When Valentine's Day rolled around Beau gave me this card.
I was not sure how to feel about you at first since you were taking all of Mark's time up...But, you are okay in my book. This is how I feel about you now...I love that you feed me, scratch my head, play in the snow with me, and allow me to be near you even though I stink....you are grrrreat!
Before we even got married, Beau began to betray Mark. If I was at his house, Beau sat at my feet and begged for my attention. I wasn't trying to steal his best friend, though admittedly I was vying to replace him.
Eventually, I did become a permanent member of the family and Beau felt it was finally okay to show where his loyalties lay. And that was firmly with me. He followed me EVERYWHERE I went and wouldn't even flinch when Mark would get up and leave the room. Beau is not a bed dog or a couch dog, so there were limits to his ability to stay close to me. But, to the extent that he could, he was attached to me at all times.
However, this was the day that his life changed forever. He knew something was up for awhile and would sniff me and act weird. But, the day that Austin came home from the hospital began the downward spiral of his life...or so he felt. No longer did I find it endearing that he would follow me everywhere and beg for my attention. No longer was he the only other person in the house that required extra special care. Within weeks we noticed that the hair around his face started to gray. A few months later something even more drastic happened as a result of this devastating change in his life. All of his nails started to fall out. They have never grown back and this is how he looks now.
Looks more like a cats paw than a 40+ pound dog. He obviously needed some Valium or something to deal with the stress and pressure of his new life.
We tried to teach Austin to pat Beau when attempting to pet him, but early on the patting always ended in Austin having a fistful of hair. Beau was cooperative and patient, never growling, snapping or biting. Instead he would look at me with a look of longing, wishing ever so much that I would get rid of the kid and spend all my time with him.
Eventually, Beau grew accustomed to life with Austin around. But, you know what happened about that time....Mia came into the picture. I must admit that I thought the dog might just decide to run away or decide that life wasn't worth living anymore and resign himself to the big doggy bed in the sky.
I had even less time for him and most days was honestly annoyed that he was around. He was just one more person to feed and clean up poop from. Believe me, there is enough of that in my life! Not to mention that he follows me so closely that on a daily basis I trip over the dog and nearly break a limb as I dart about the house doing the endless things I do.

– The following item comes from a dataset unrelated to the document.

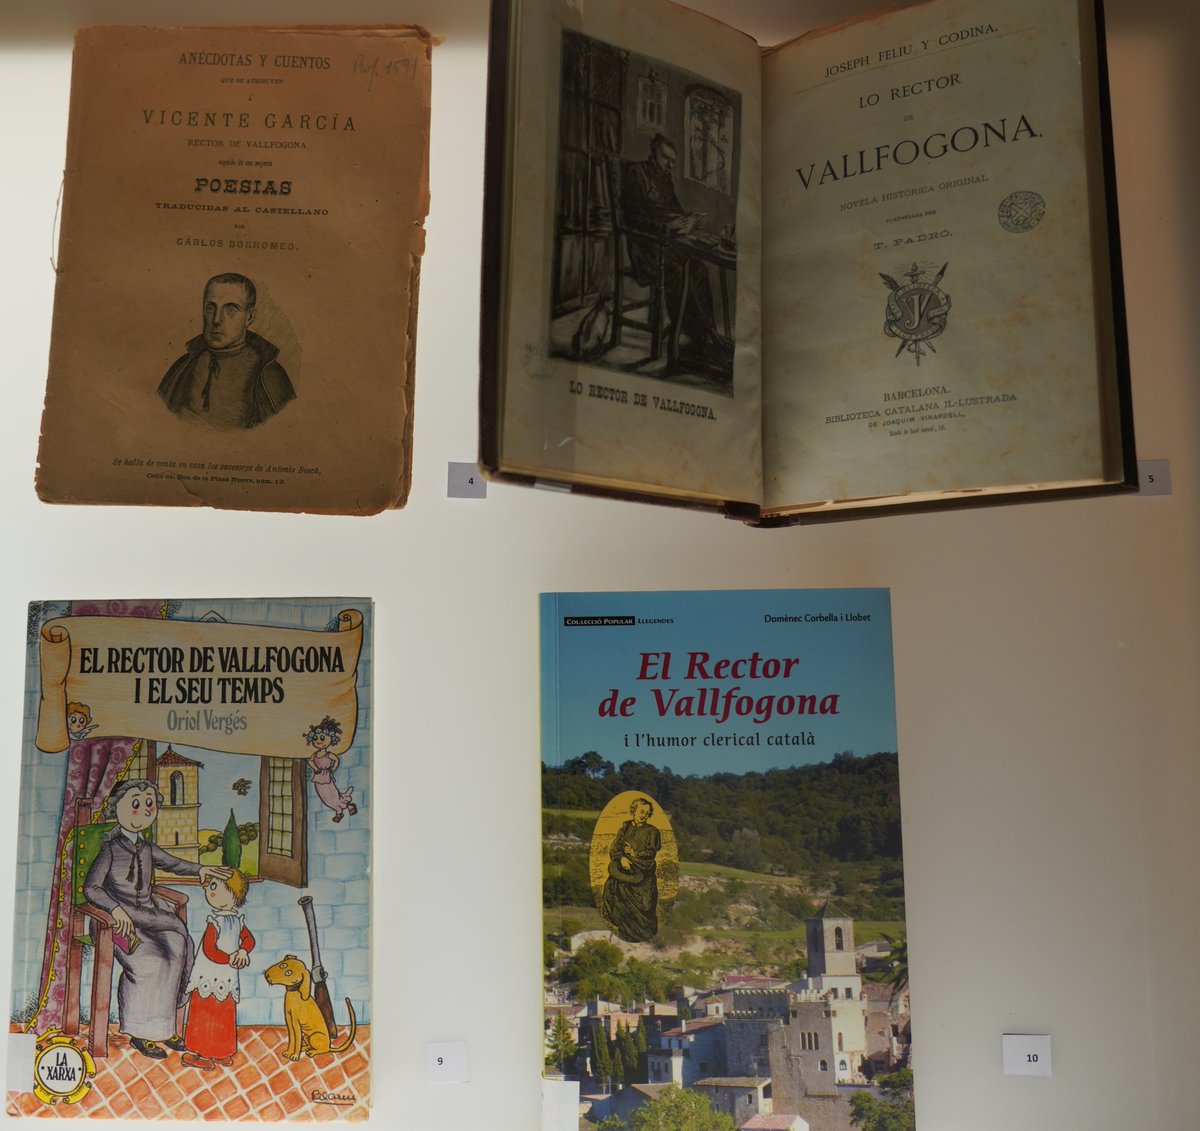 📚📚Fins al 31 d'octubre, podeu visitar l'exposició 'Vicent Garcia. Rector de Vallfogona' a la @BiblioCatalunya. 

📚📚Comissionada per @AlbertRossich, mostra tota mena de publicacions sobre el poeta des de la seva mort: manuscrits, llibres, articles... Imperdible! @AnyRector

So, in an effort to make him feel more like a member of the family, I have begun to encourage Austin to be his friend. Austin is thrilled with this idea since he loves to boss Beau around. Beau may not be as enthusiastic about it quite yet.
Austin truly loves Beau, but I guess I will have to work on teaching Beau to appreciate Austin for the love and attention he is able to offer him. After all, Austin has a lot of time on his hands which I certainly do not. And, when it comes to priorities in my life, sad to say, but Beau barely even makes the list. But, he easily makes Austin's top five. I am sure before too long he will figure it out and betray me for his new best friend....Austin.
For now, this face communicates it all. He wants you to feel bad for him, so go ahead, it will brighten his weary day.